Task description
Every line of the listing is returned unchanged, and every picture is dropped.

Data extract
--*--
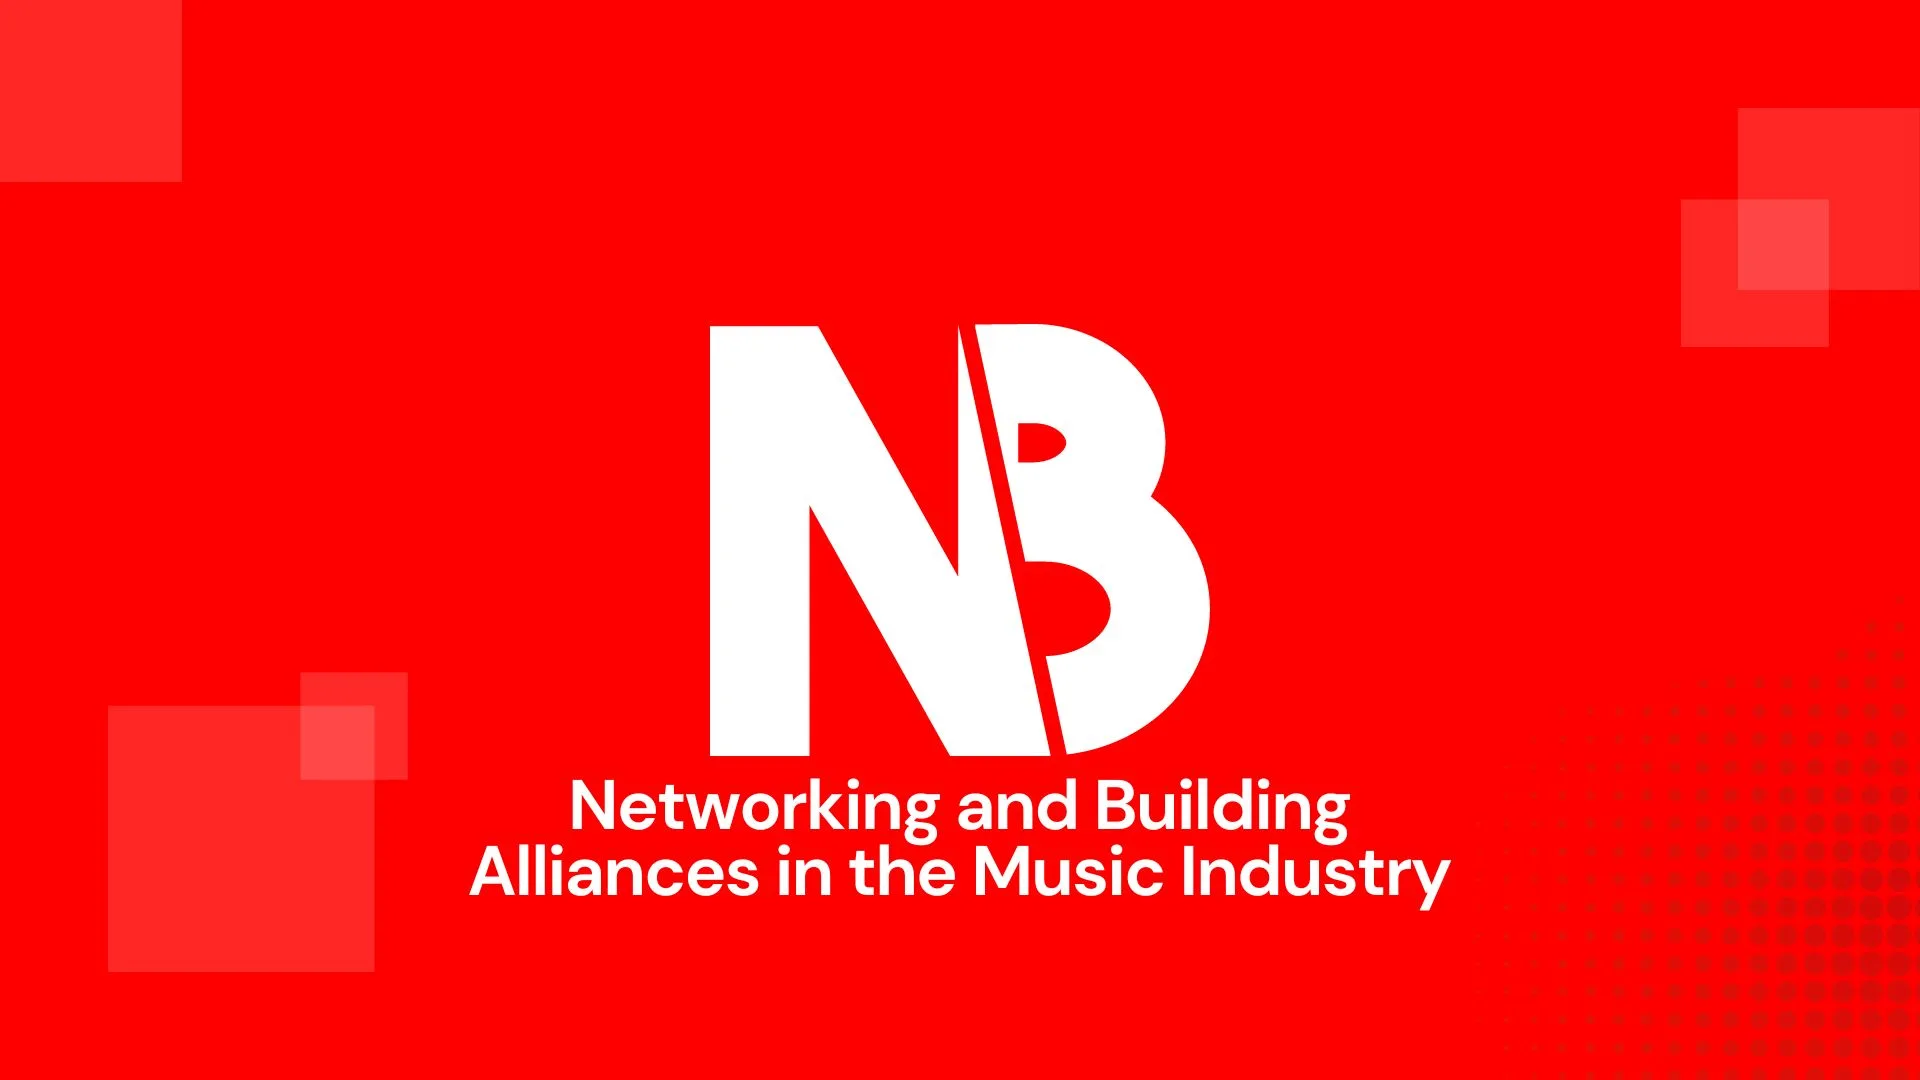 Networking and Building Alliances in the Music Industry
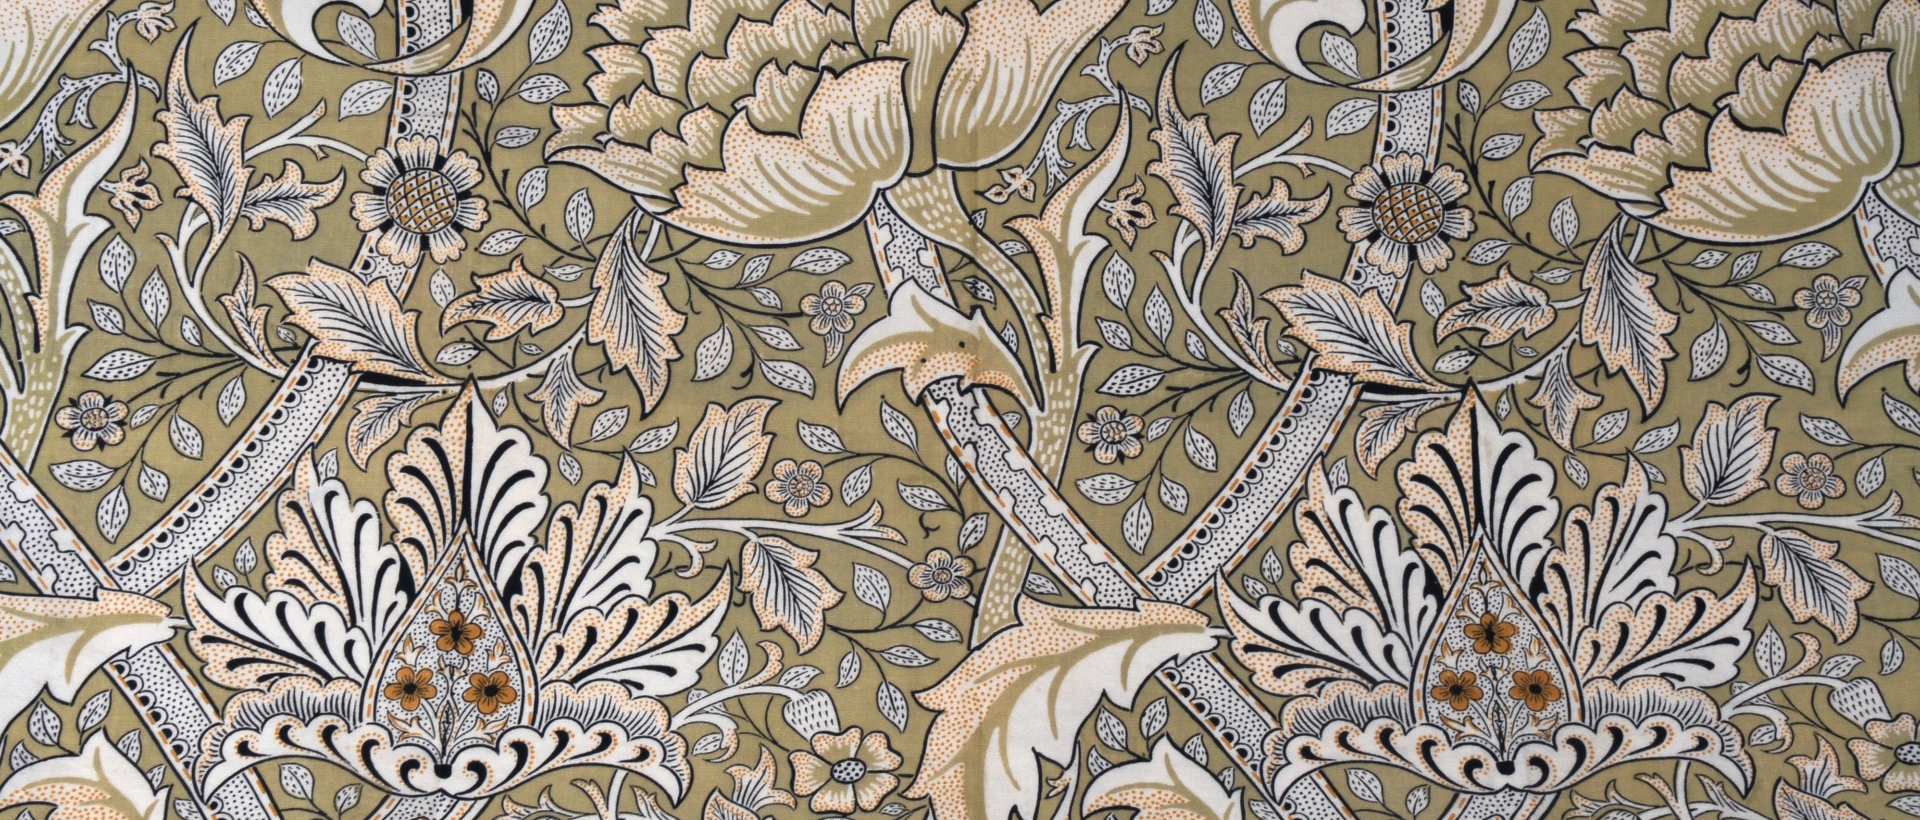 Windrush pattern by William Morris. On printed cotton.
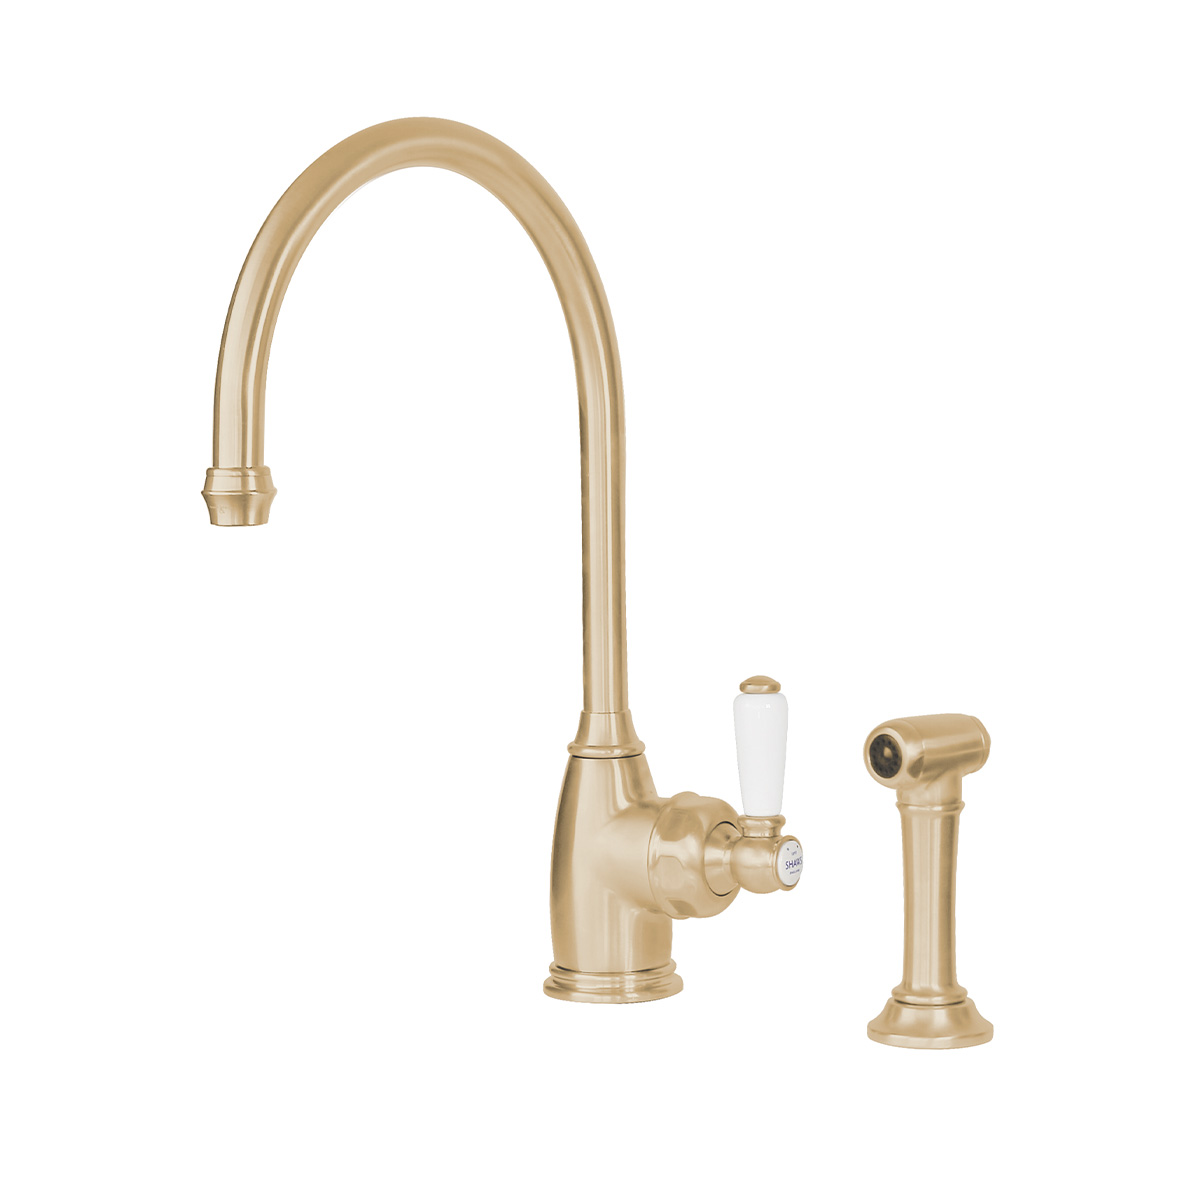 Shaws by Perrin & Rowe Yarrow kitchen mixer with spray rinse in Satin Brass. Parthian style monobloc kitchen tap AUSH.4346. Distributed in Australia by Luxe by Design, Brisbane.
--*--
Output
 Networking and Building Alliances in the Music Industry
 Windrush pattern by William Morris. On printed cotton.
 Shaws by Perrin & Rowe Yarrow kitchen mixer with spray rinse in Satin Brass. Parthian style monobloc kitchen tap AUSH.4346. Distributed in Australia by Luxe by Design, Brisbane.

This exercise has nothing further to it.